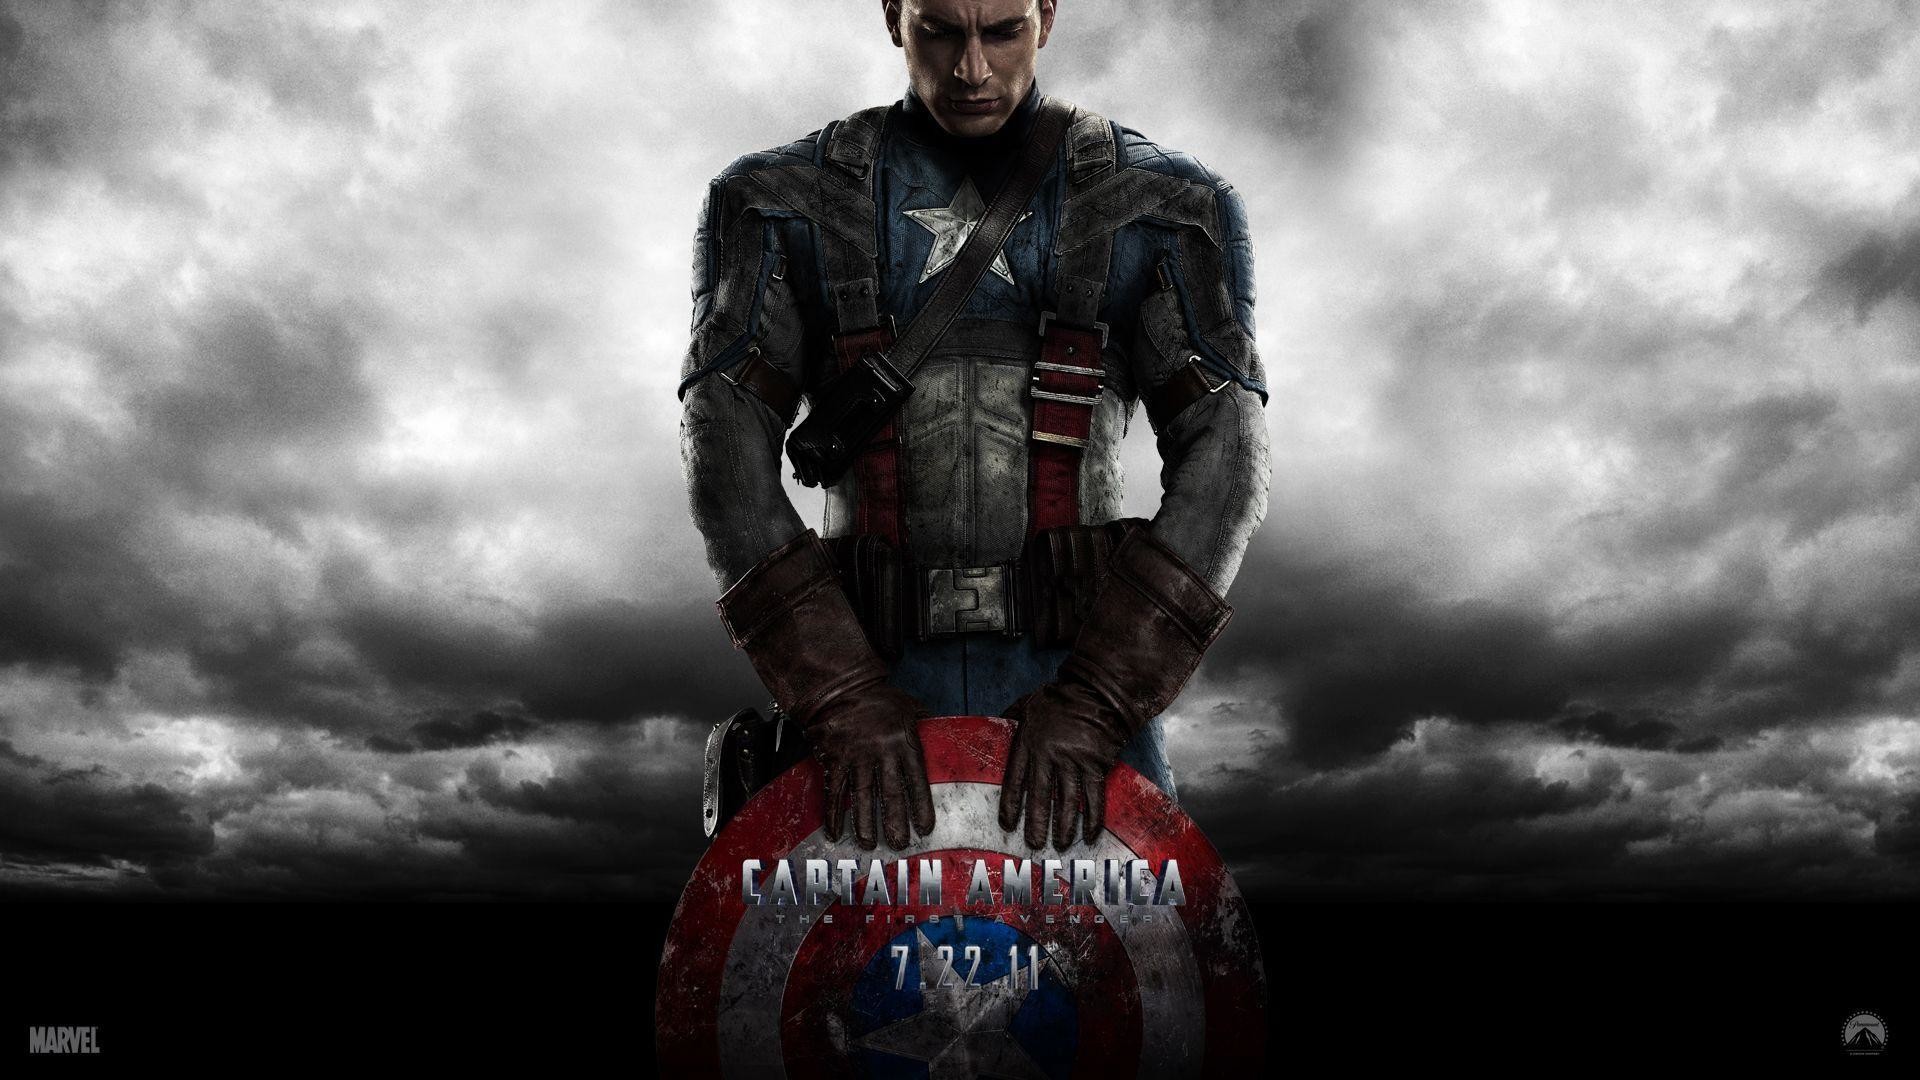 1920x1080 Captain America HD Wallpapers 1080p - WallpaperSafari
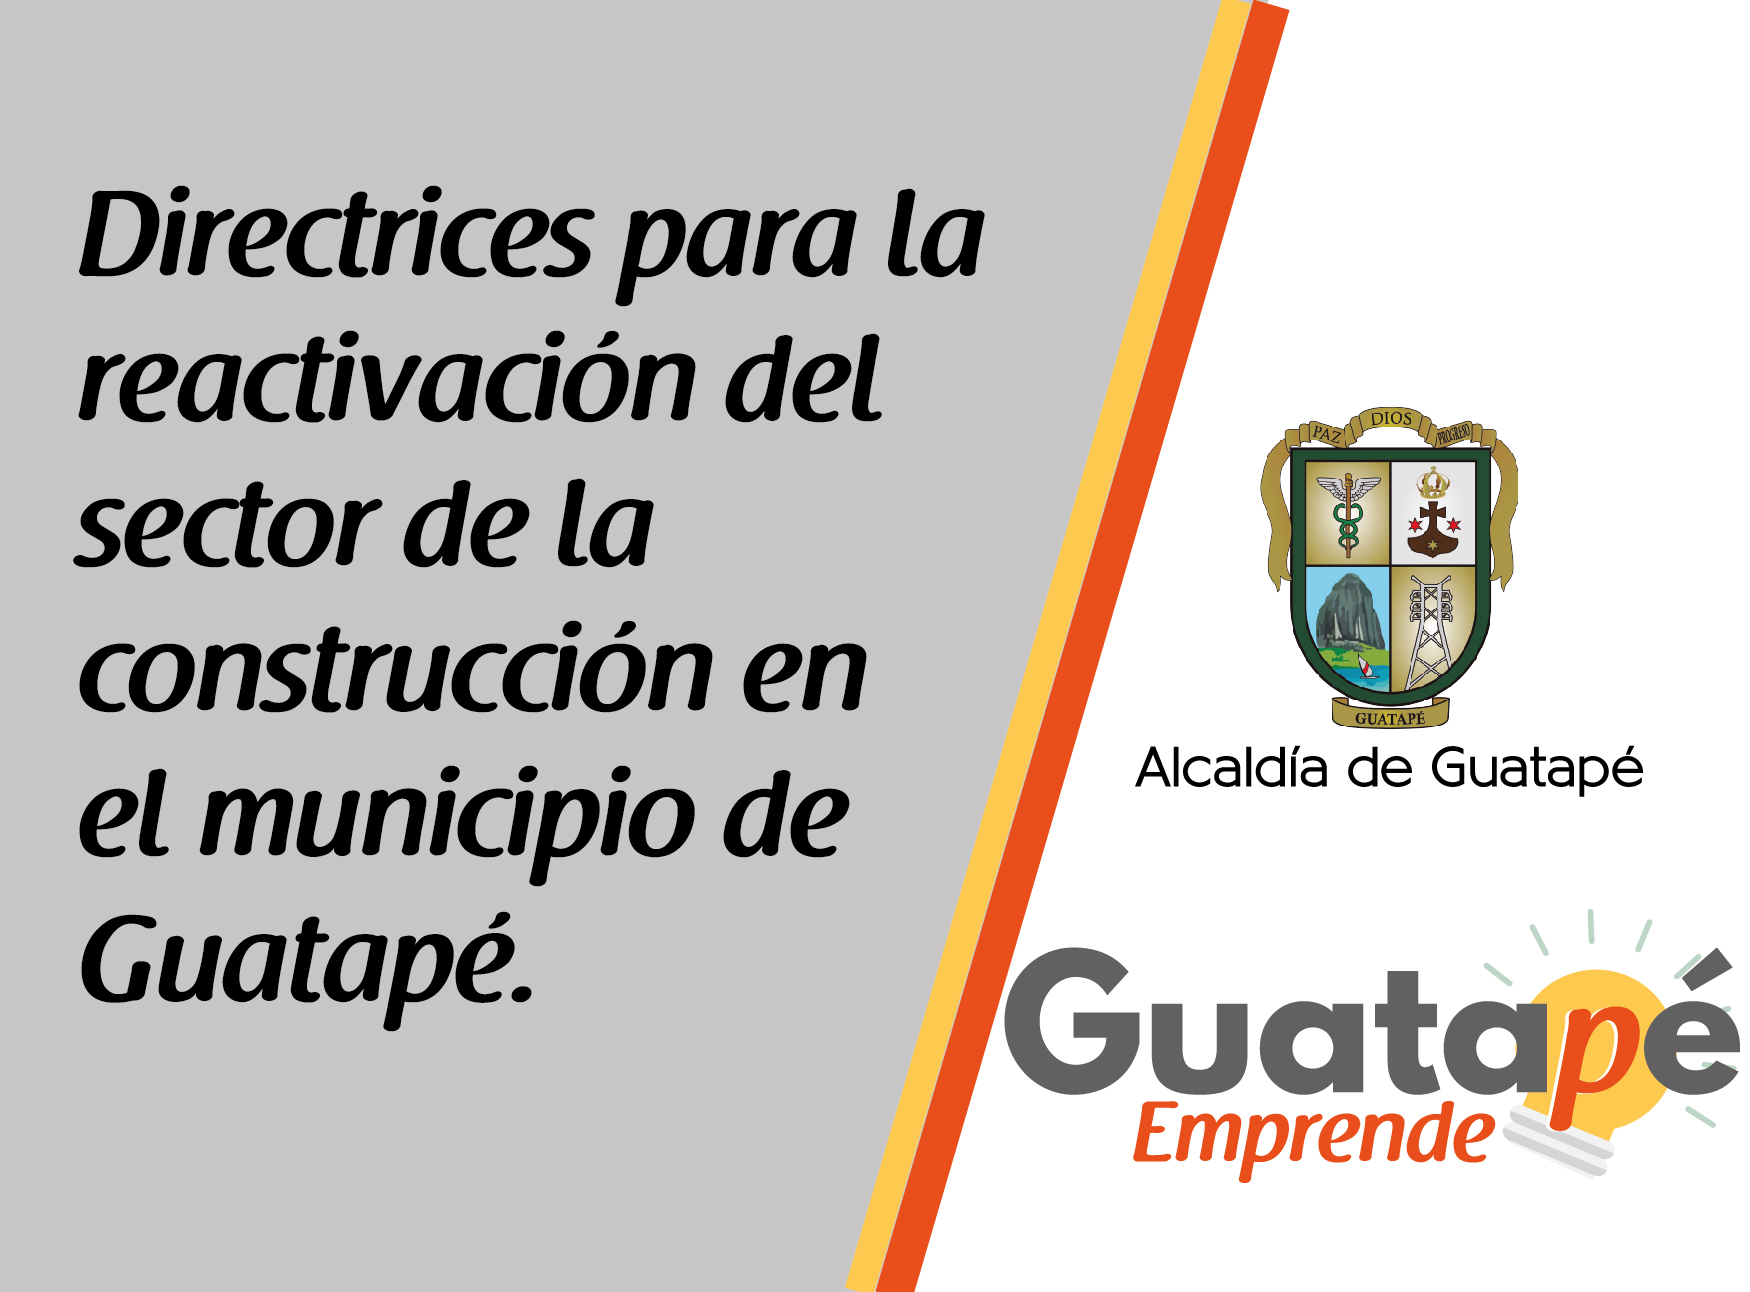 Directrices para la reactivación del sector de la construcción en el municipio de Guatapé.
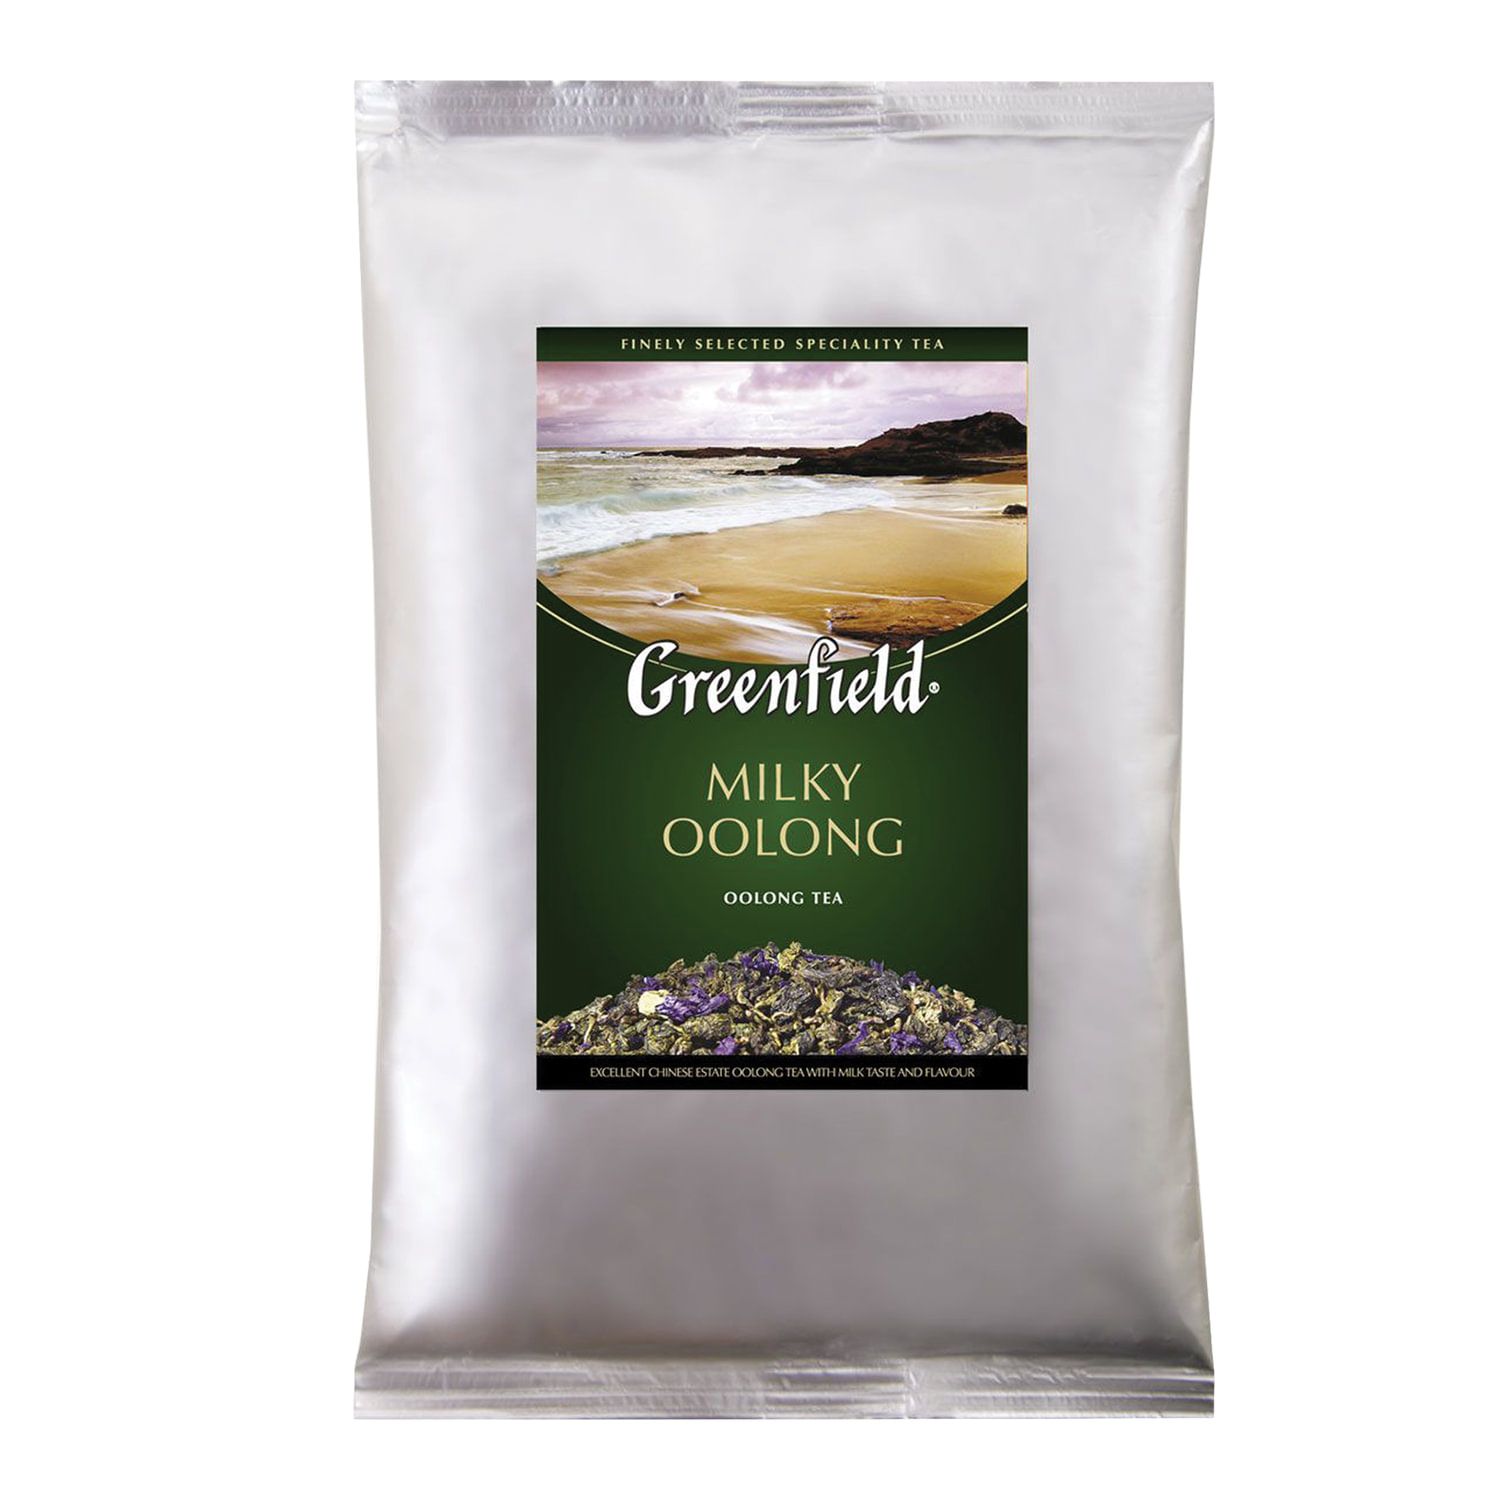 Чай GREENFIELD Milky Oolong 0980-15, улун, листовой, 250 г

# [Your objective]
Drop the pictures and copy the data exactly.

# [Result of this exercise]
 1920x1080 Captain America HD Wallpapers 1080p - WallpaperSafari
 Directrices para la reactivación del sector de la construcción en el municipio de Guatapé.
 Чай GREENFIELD Milky Oolong 0980-15, улун, листовой, 250 г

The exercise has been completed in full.